The 1990 Spring Training Lockout Ends After 32 Days

On March 18, 1990, players and owners reached a new collective bargaining agreement that ended a 32-day lockout of spring training camps. The deal reopened camp gates across Florida and Arizona just in time to salvage most of the exhibition schedule, though Opening Day was pushed back from April 2 to April 9.

Owners had locked players out on February 15 after the Basic Agreement expired at the end of 1989. The central disputes were familiar: free-agency eligibility and salary arbitration timelines. Owners wanted to slow the growth of player salaries, which had ballooned throughout the 1980s.

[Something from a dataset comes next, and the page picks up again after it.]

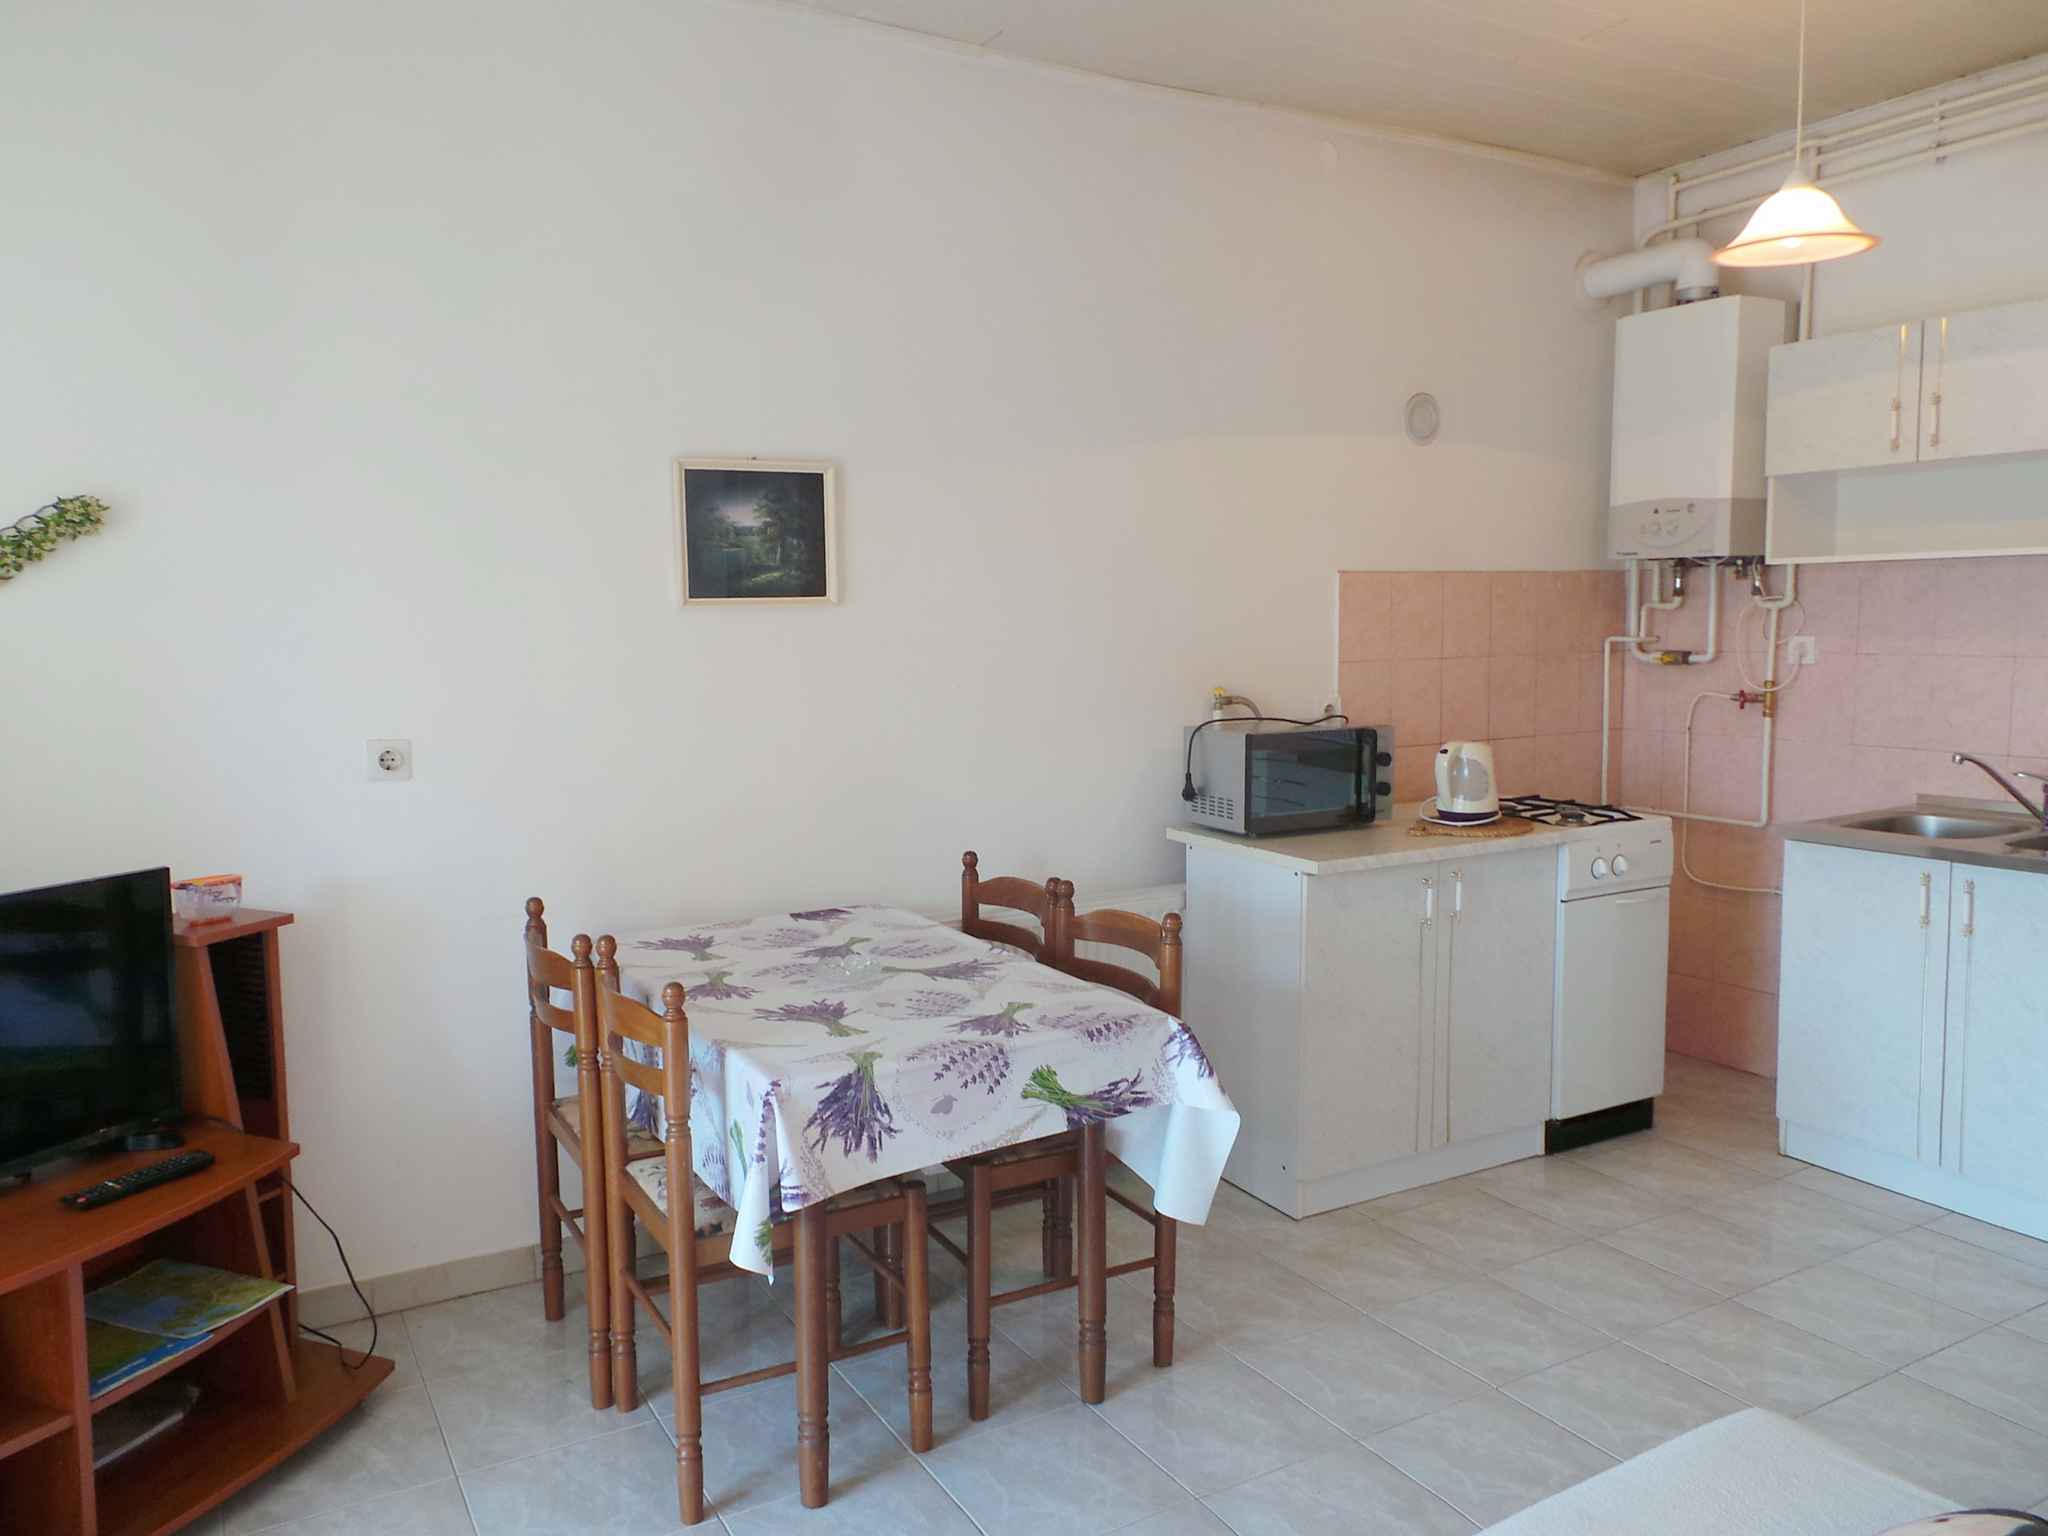 Ferienwohnung mit SAT-TV und Balkon (280821), Pula, , Istrien, Kroatien, Bild 9

Players refused to give back what they had won in previous rounds of bargaining.

The settlement raised the minimum major-league salary from $68,000 to $100,000. Players retained salary arbitration eligibility after three years of service, though the owners gained a modified revenue-sharing arrangement. The agreement also increased club contributions to the players' pension fund.

The lockout was the seventh work stoppage in baseball since 1972, and it followed closely on the heels of the collusion scandal, in which owners had been found guilty of conspiring against free agents in 1985, 1986, and 1987. Arbitrator Thomas Roberts had already awarded $280 million in damages to the players, so the atmosphere at the bargaining table was tense.

Commissioner Fay Vincent helped broker the final compromise. The deal held for four years, though labor peace would collapse spectacularly in August 1994 when players walked out and the World Series was canceled for the first time since 1904.